But something happened to me there that I hadn’t expected. First, the congregation helped me recognize that the small church is fully equipped to carry out the mission of God in the world. They didn’t need me to put them on course. They didn’t need to be more staffed or better resourced in order to effectively disciple their current members and make a significant impact on the surrounding community. Everything the church needed had been given it by God. I began to recognize potential and strengths where the experts had trained me to see limitations and liabilities. In fact, I began to believe that the smaller church actually is uniquely equipped to meet the particular ministry challenges of the 21st Century.

The overwhelming majority of pastors are living this second story, the narrative of obscurity. According to the Hartford Institute for Religion Research, there are 177,000 churches in America with fewer than 100 weekly worshipers and another 105,000 churches that see between 100 and 500 in attendance each week. On the other hand, there are only 19,000 churches–or 6 percent of the total–with more than 500 attendees. Megachurches (regular attendance over 2,000) make up less than one half of one percent of churches in America. The narrative of success may be the one people write books about, but it is not the typical one. We have allowed the ministry experience of 6 percent of pastors to become the standard by which the remaining 94 percent of us judge ourselves.

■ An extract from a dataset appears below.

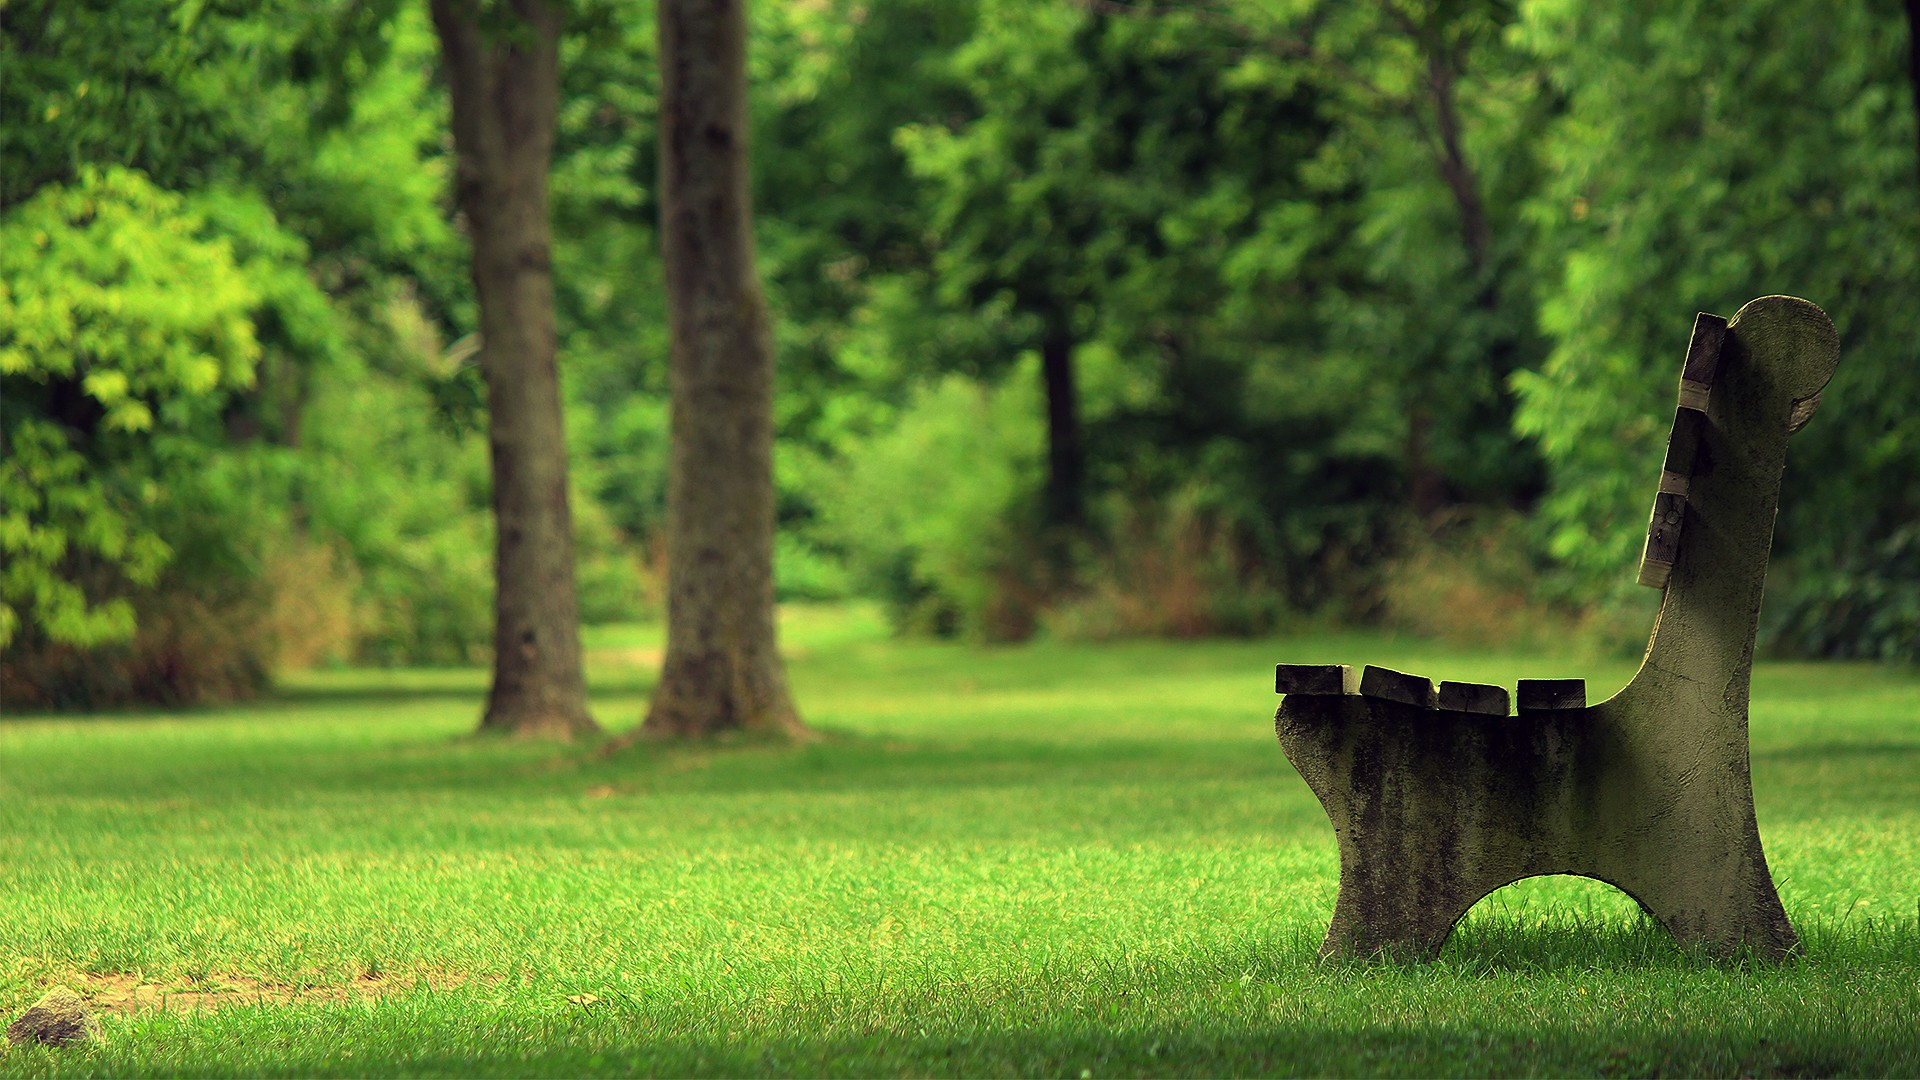 Bench green park

Everywhere I go, I hear pastors beginning to question the experts. Though their stories are not often told, I have seen small churches from Chicago to Los Angeles making an enormous impact for the kingdom of God, precisely because they have rejected the advice of the experts. They, too, have begun to see potential where the experts have trained them to see liabilities.

We need to deconstruct some of the prevailing assumptions about church ministry success.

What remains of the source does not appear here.